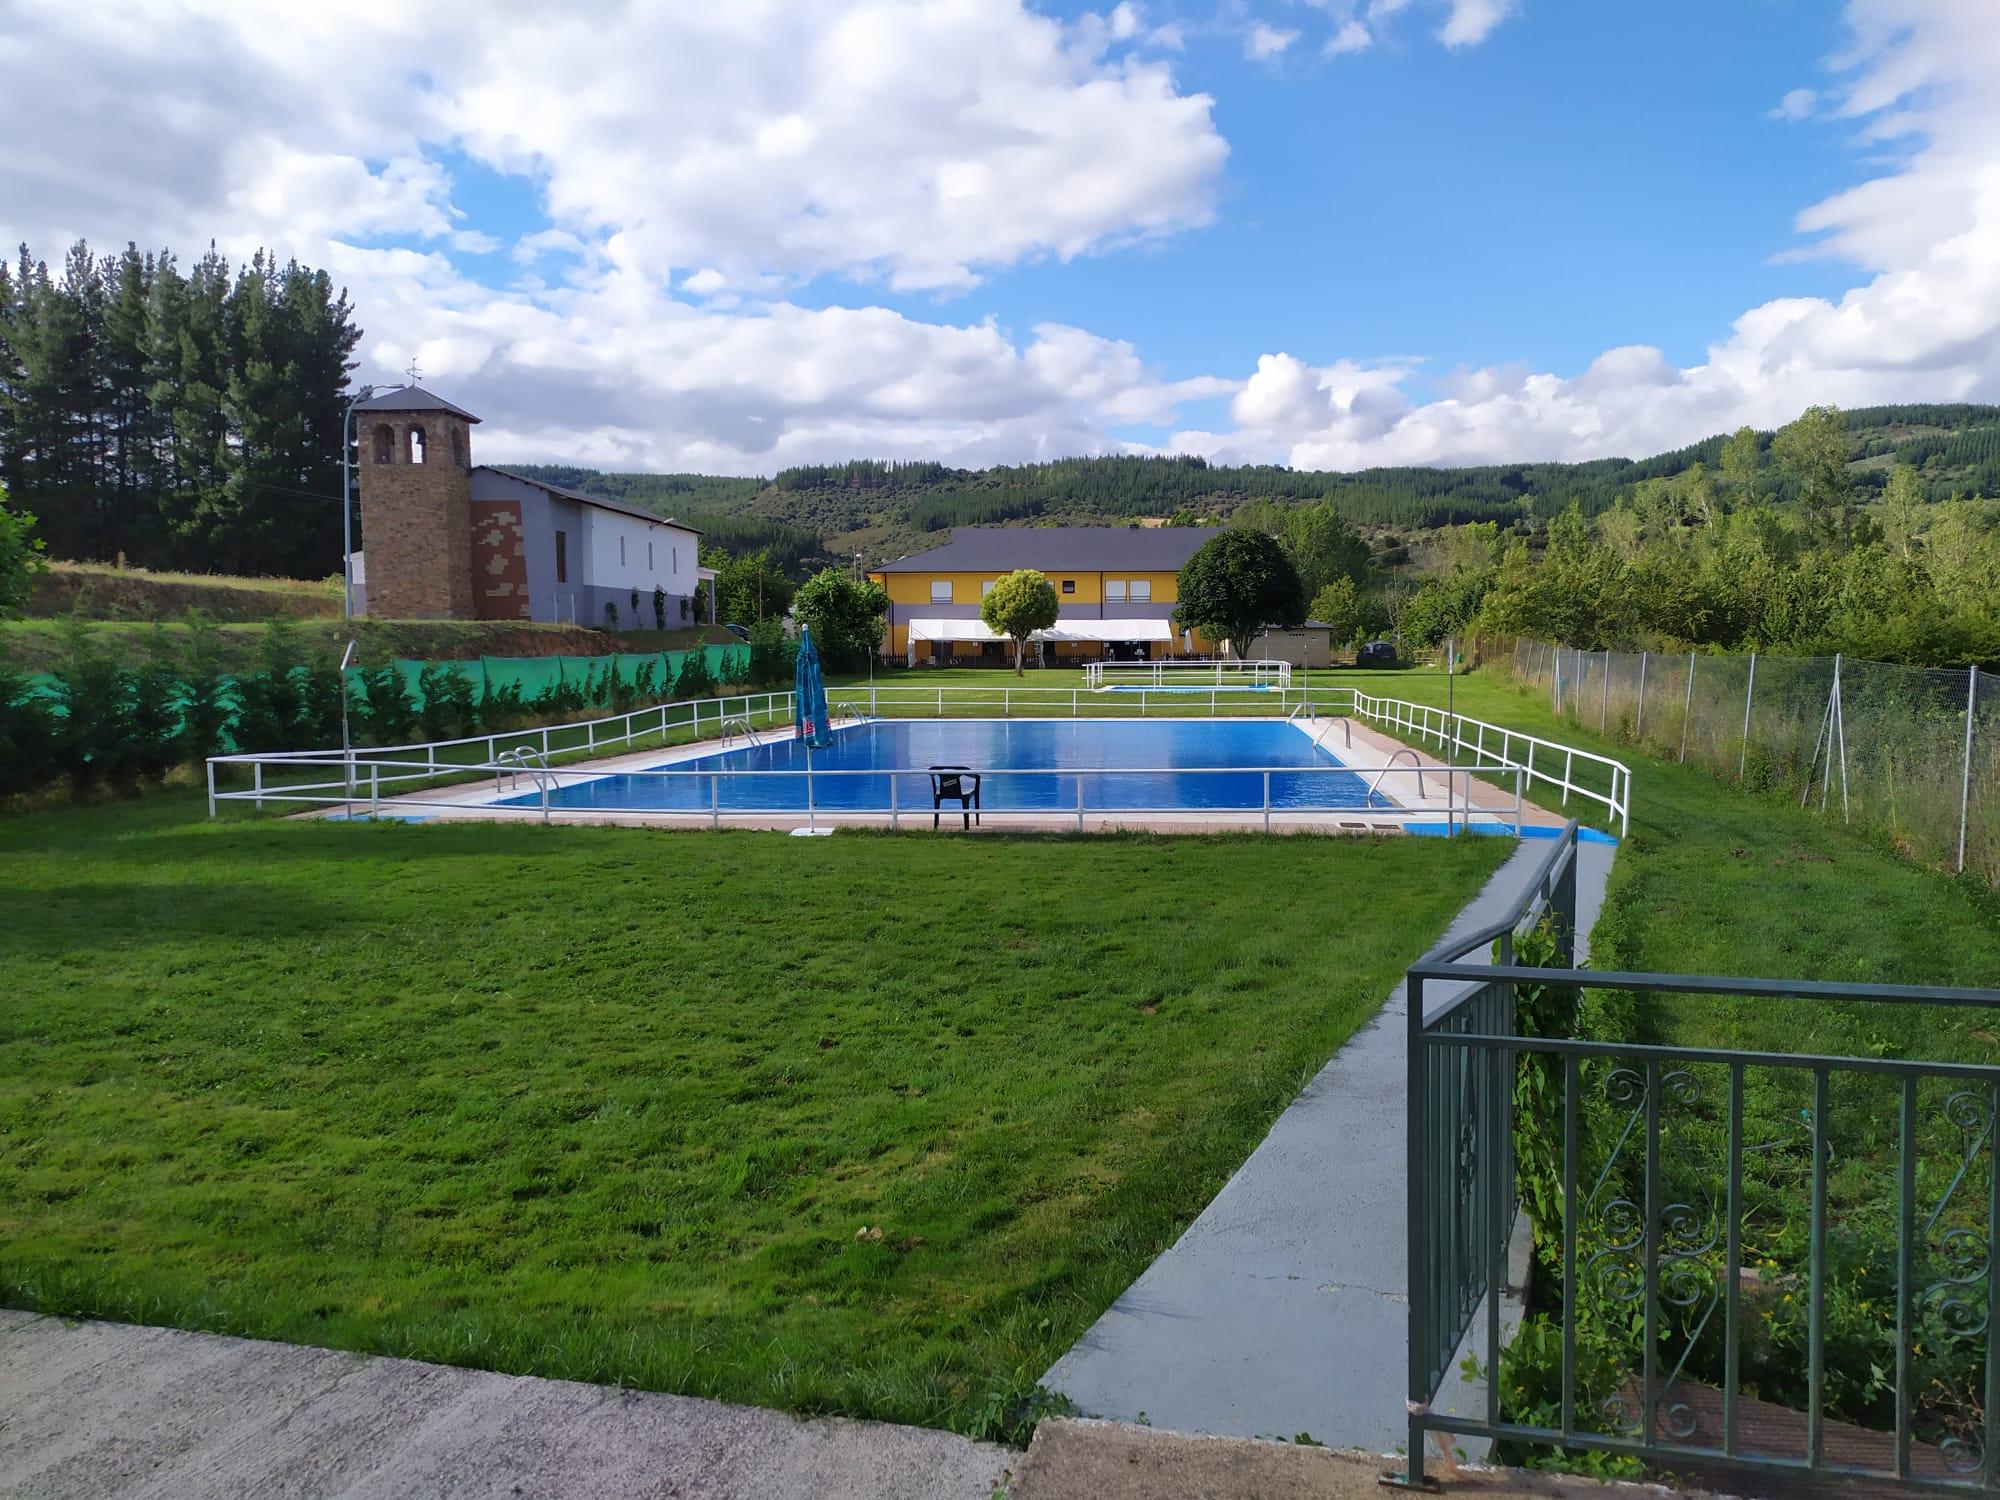 Especial piscinas que no te puedes perder en El Bierzo este verano 12
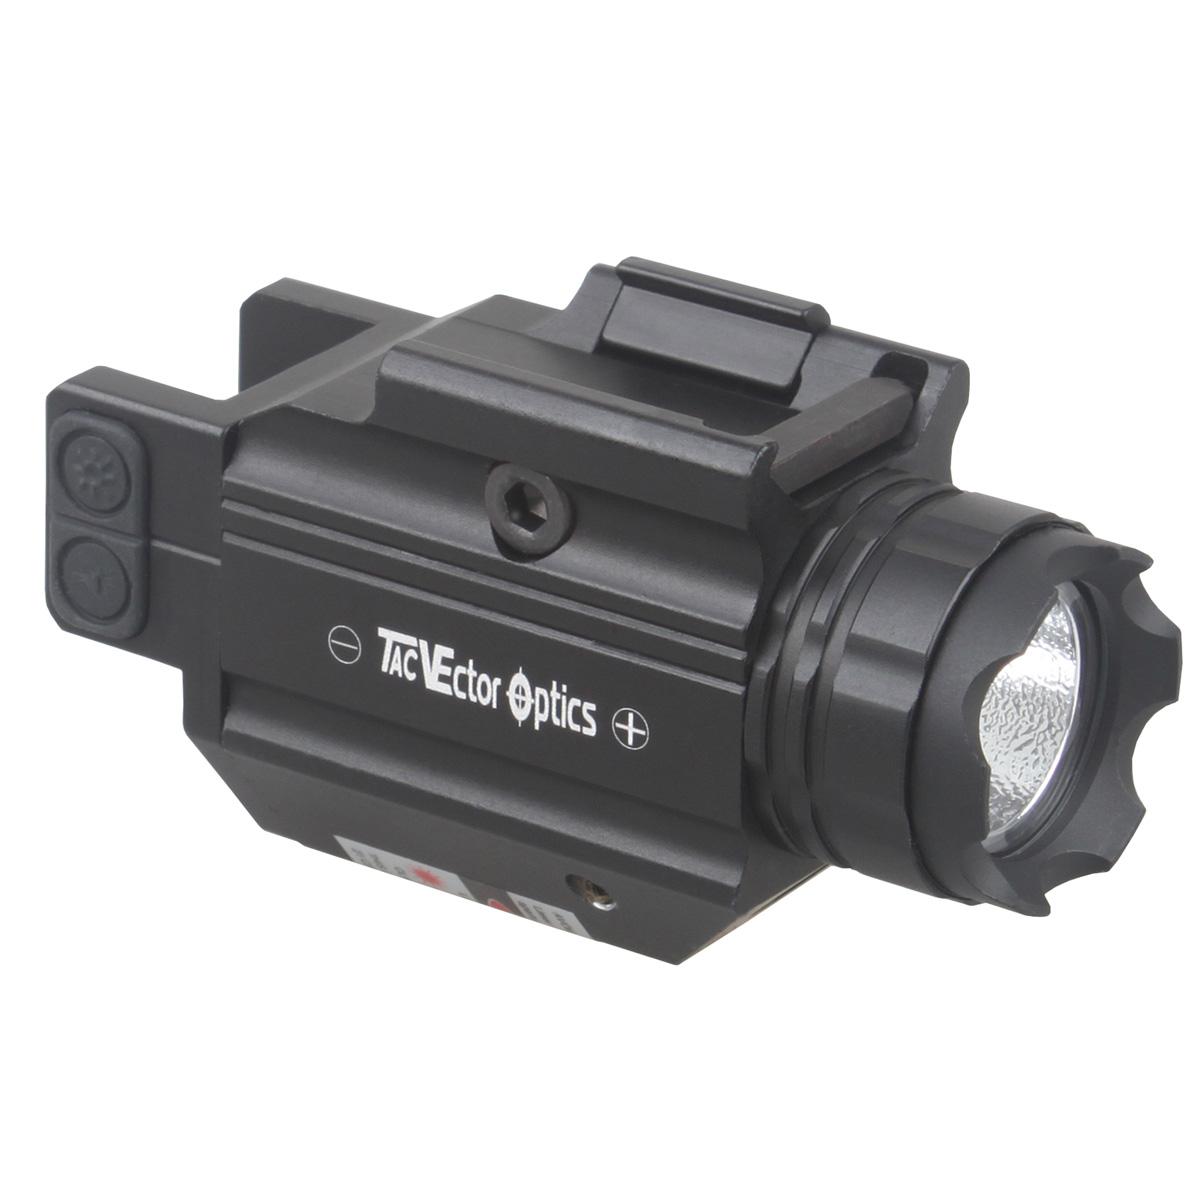 Doublecross Hunting Pistol Gun Handgun Tactical Red Laser Flashlight Combo Light
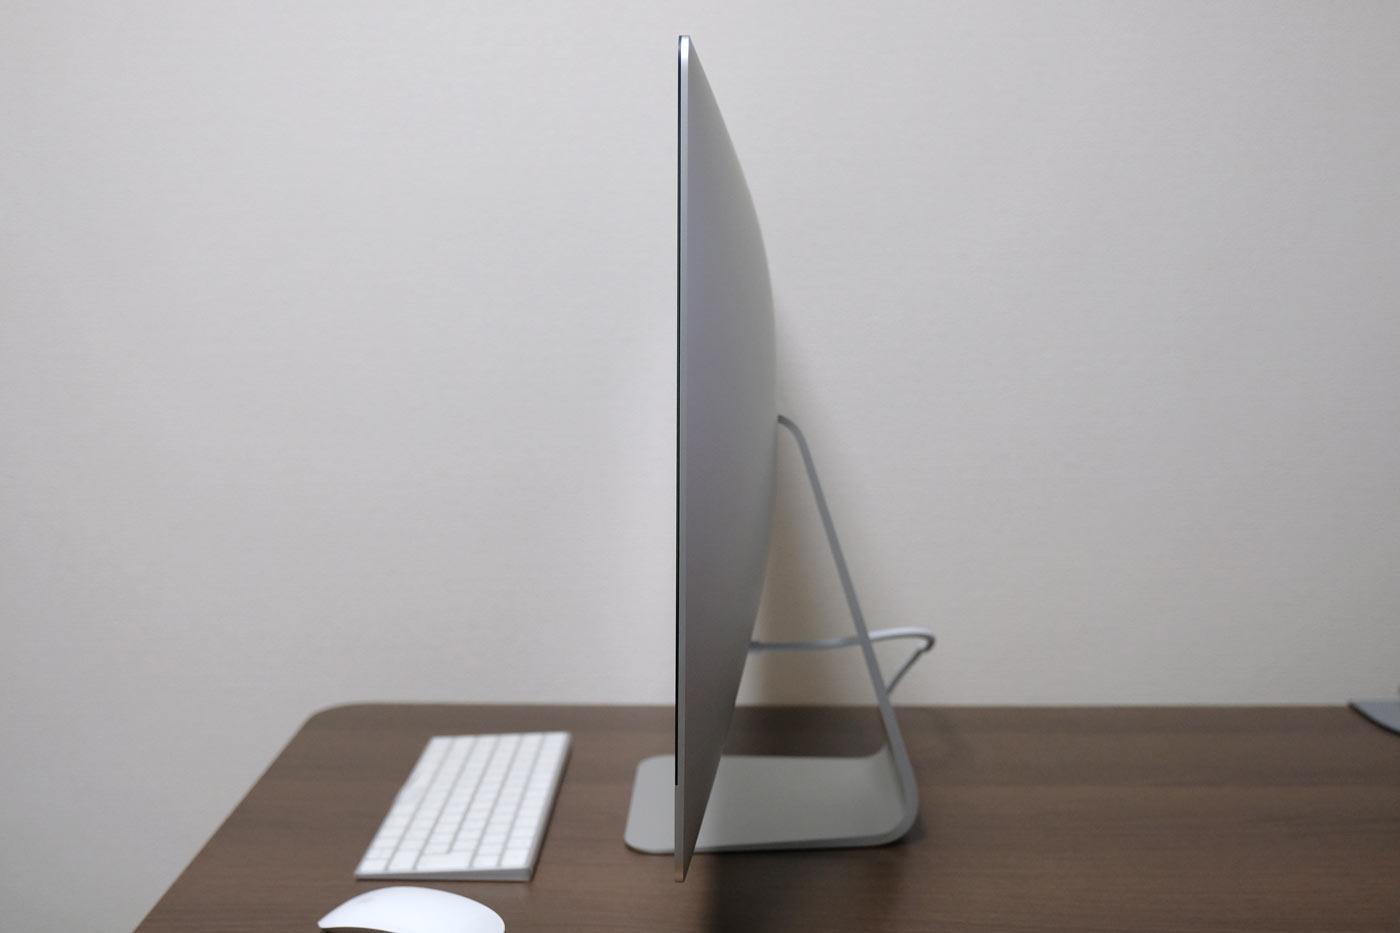 27インチiMac 5K 横から見たスタイル
★ ★ ★ ★
- **EXERCISE DETAILS**
Please set down each line of the data above exactly as written, without the pictures.

- **PROBLEM SOLUTION**
 Especial piscinas que no te puedes perder en El Bierzo este verano 12
 Doublecross Hunting Pistol Gun Handgun Tactical Red Laser Flashlight Combo Light
 27インチiMac 5K 横から見たスタイル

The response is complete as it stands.